[PROBLEM DETAILS]:
Repeat the entire listing exactly. Omit all pictures.

[DATA SHOWN]:
======
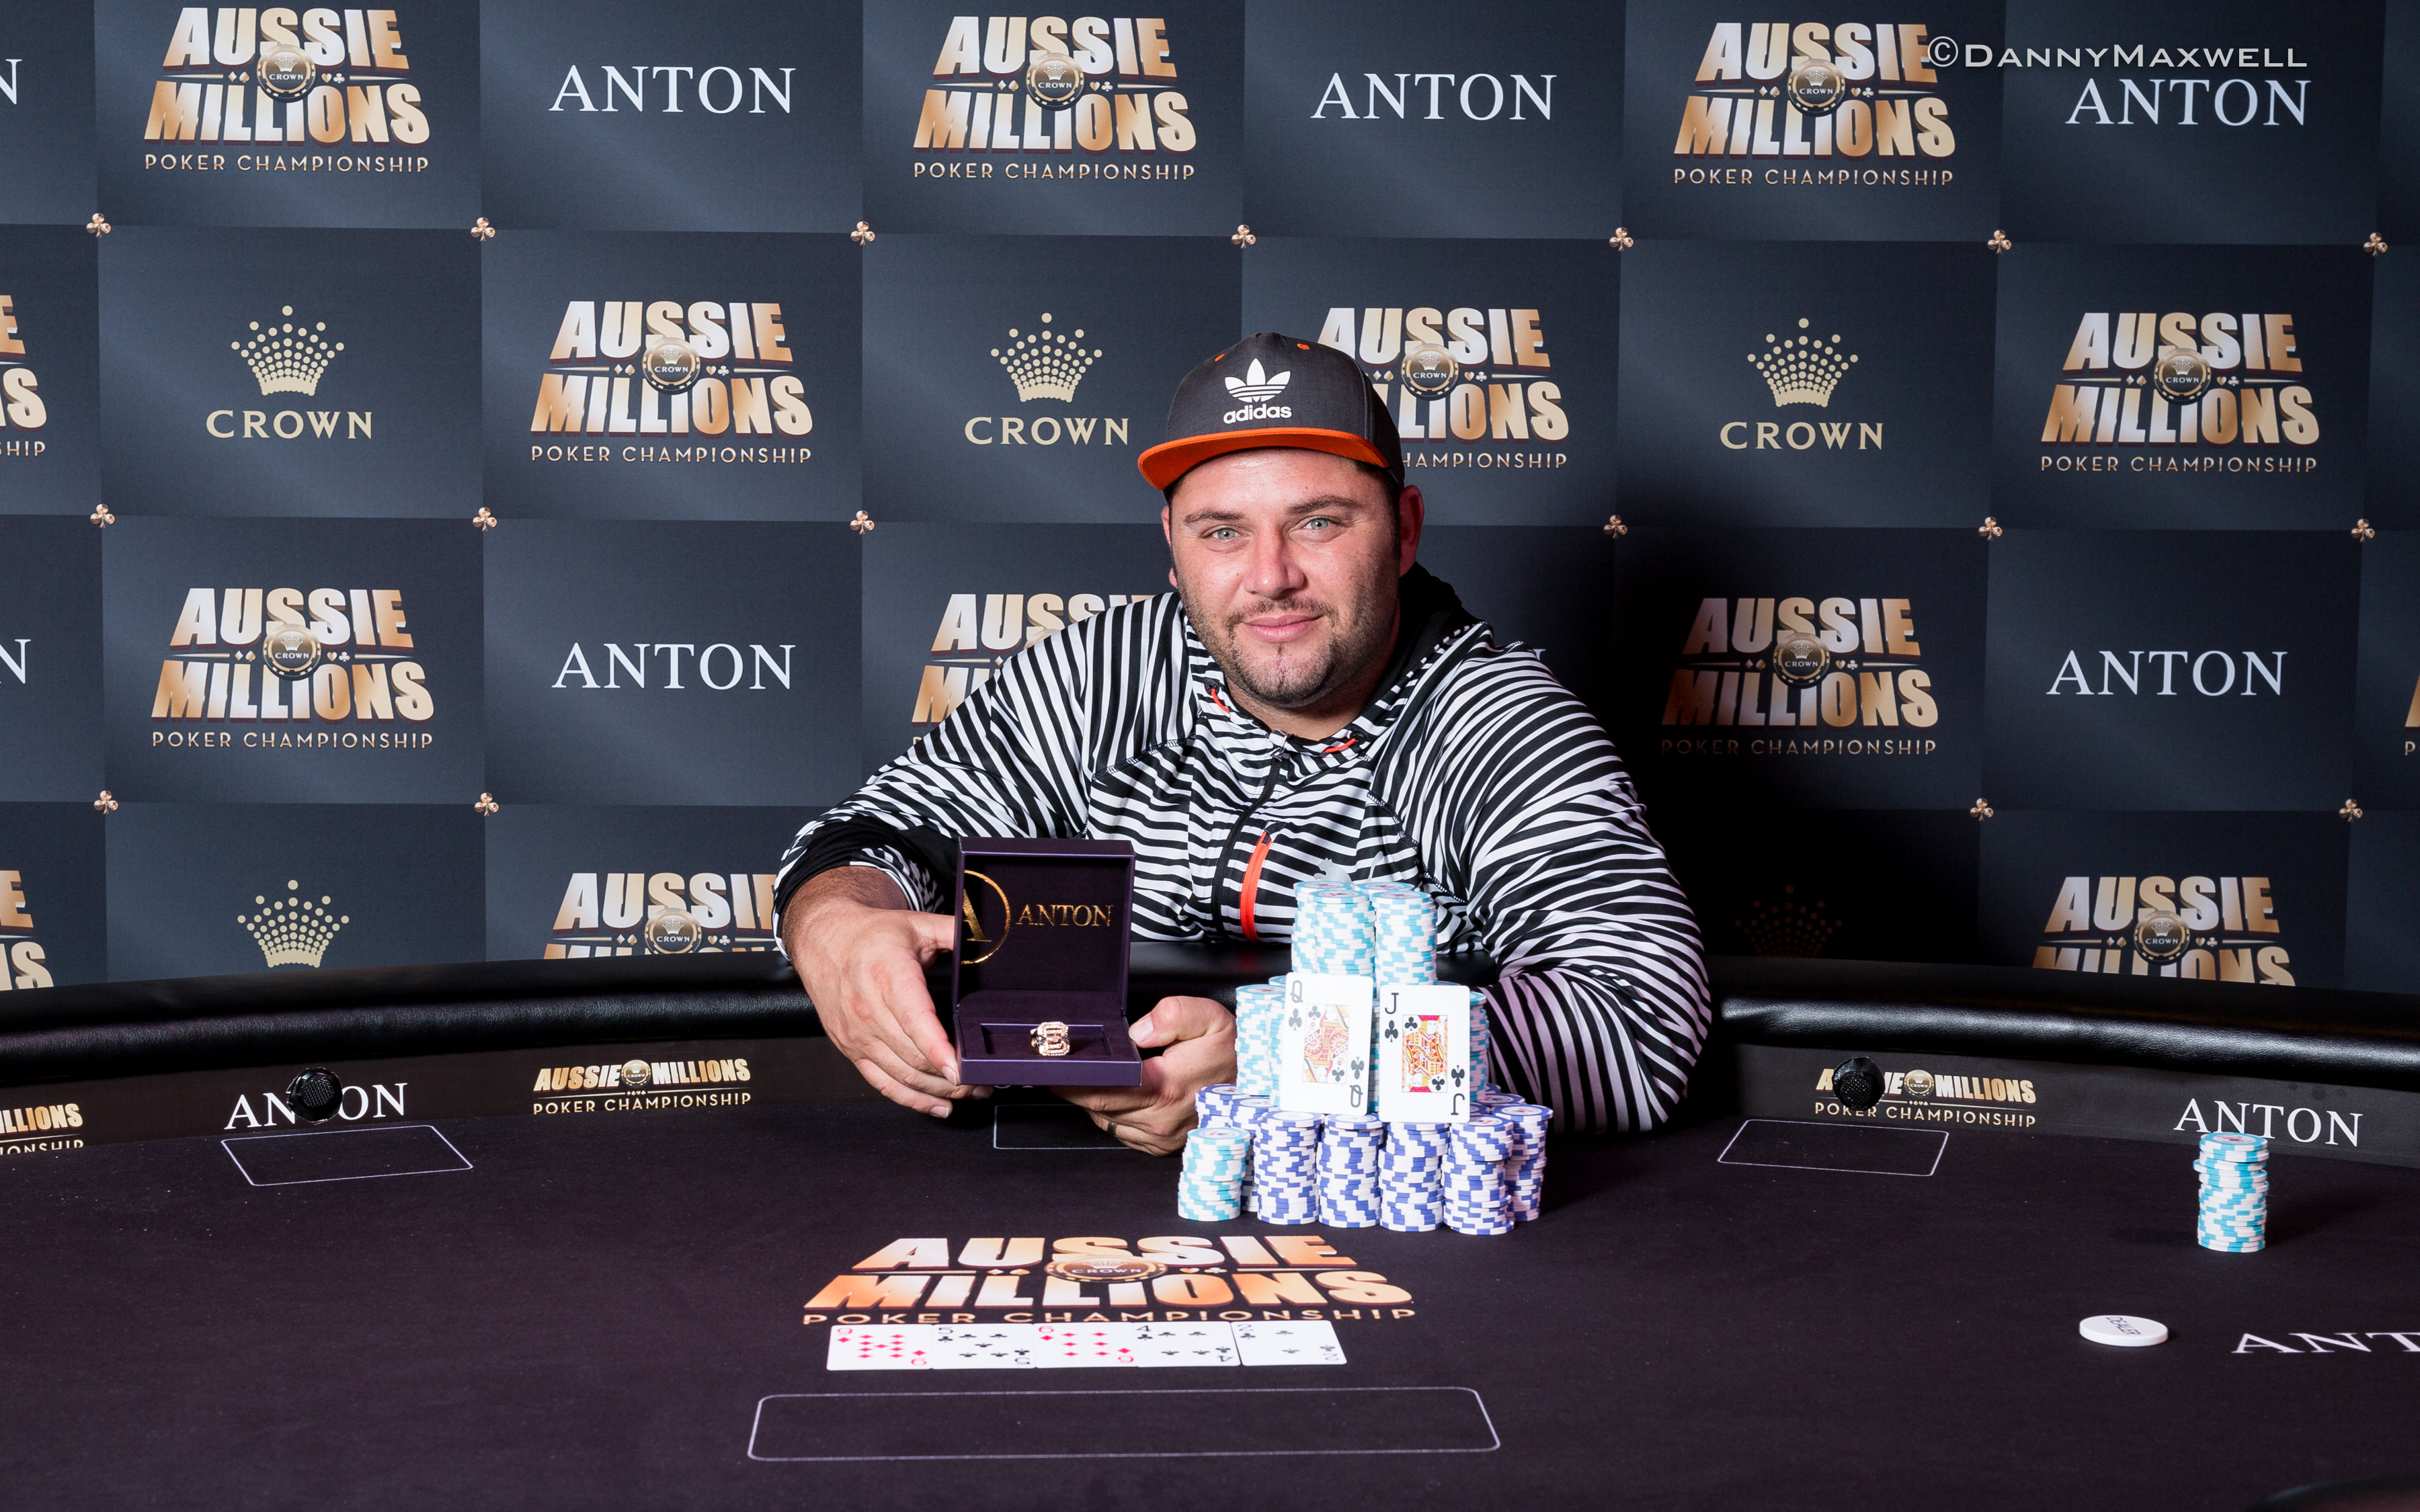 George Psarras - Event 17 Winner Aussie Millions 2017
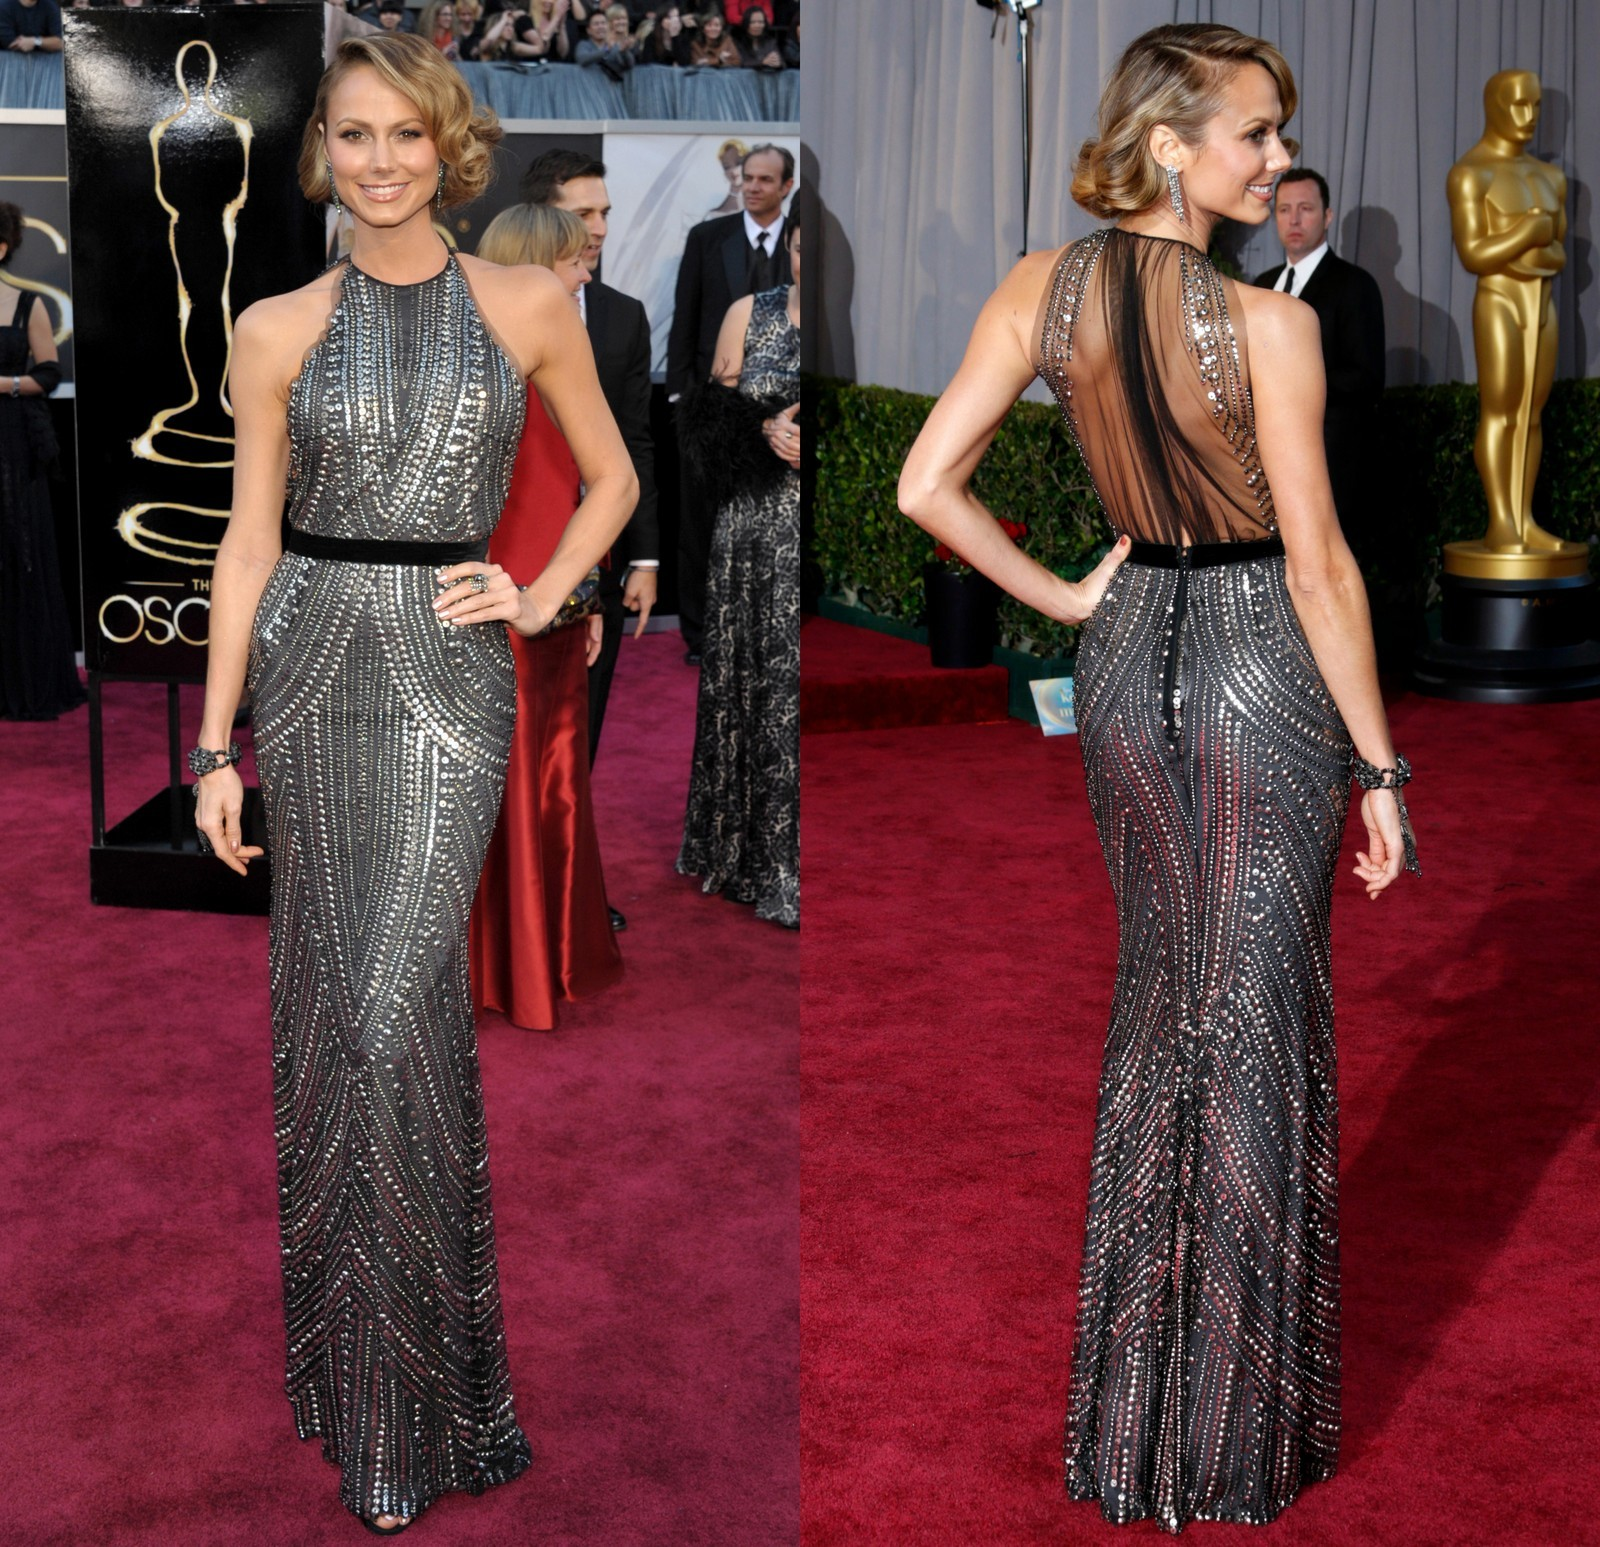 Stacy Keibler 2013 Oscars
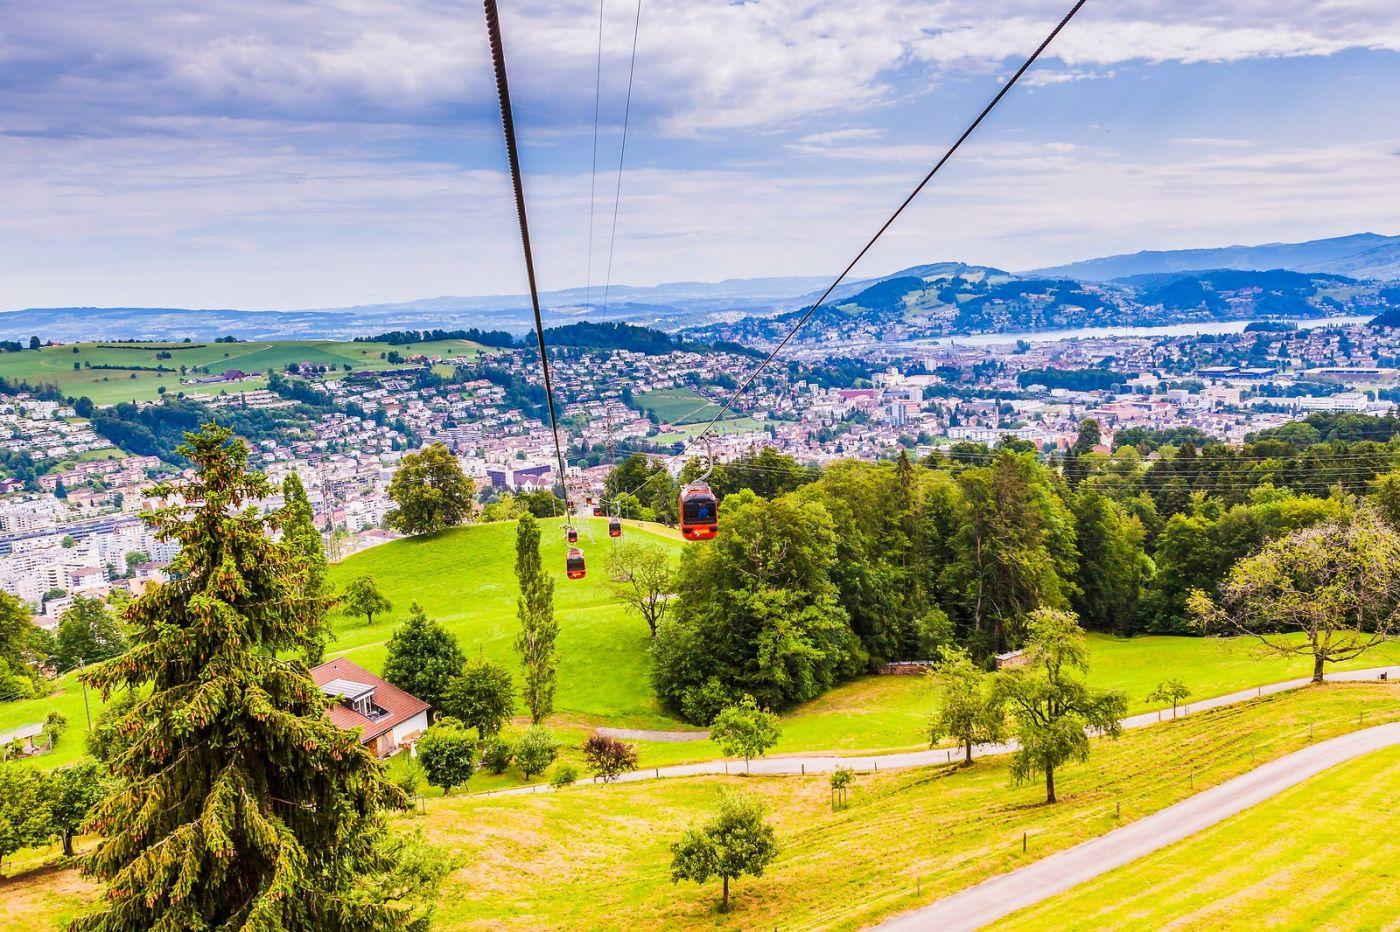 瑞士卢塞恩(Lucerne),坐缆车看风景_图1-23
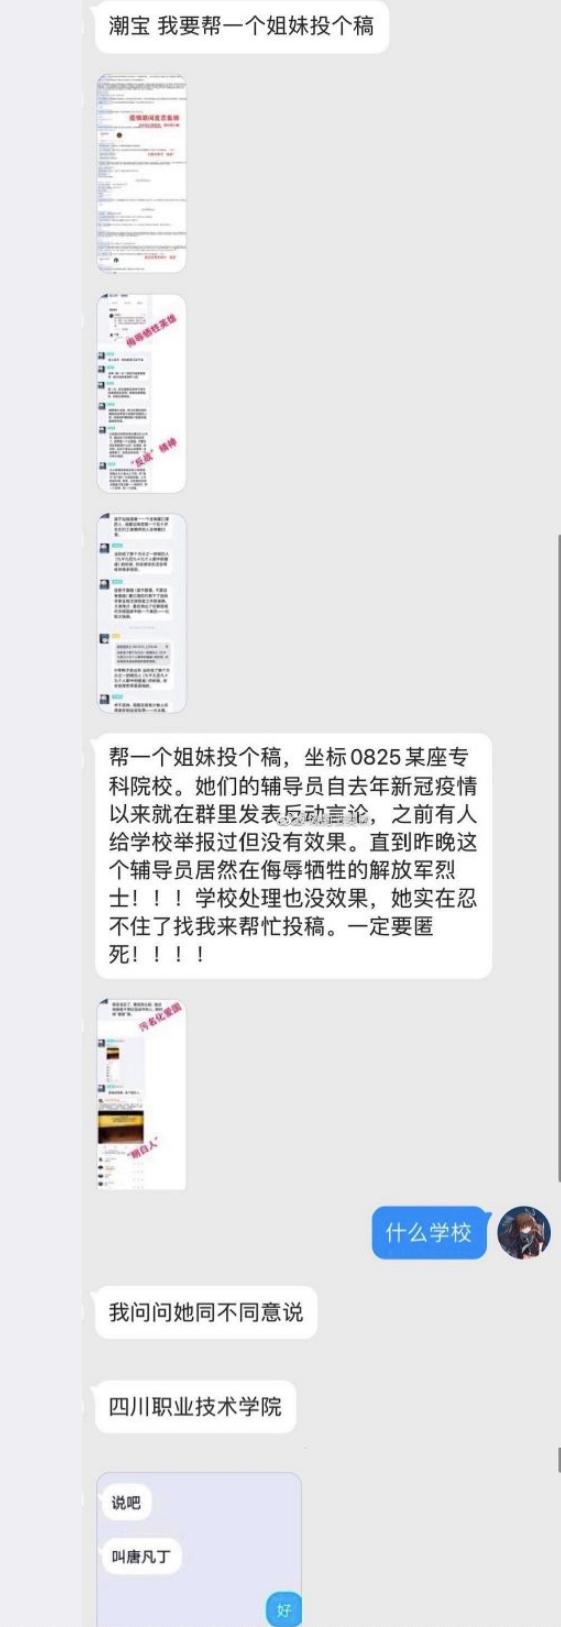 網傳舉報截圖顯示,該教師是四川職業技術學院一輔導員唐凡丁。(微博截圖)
======
[RESPONSE TO THE EXERCISE]:
 George Psarras - Event 17 Winner Aussie Millions 2017
 Stacy Keibler 2013 Oscars
 瑞士卢塞恩(Lucerne),坐缆车看风景_图1-23
 網傳舉報截圖顯示,該教師是四川職業技術學院一輔導員唐凡丁。(微博截圖)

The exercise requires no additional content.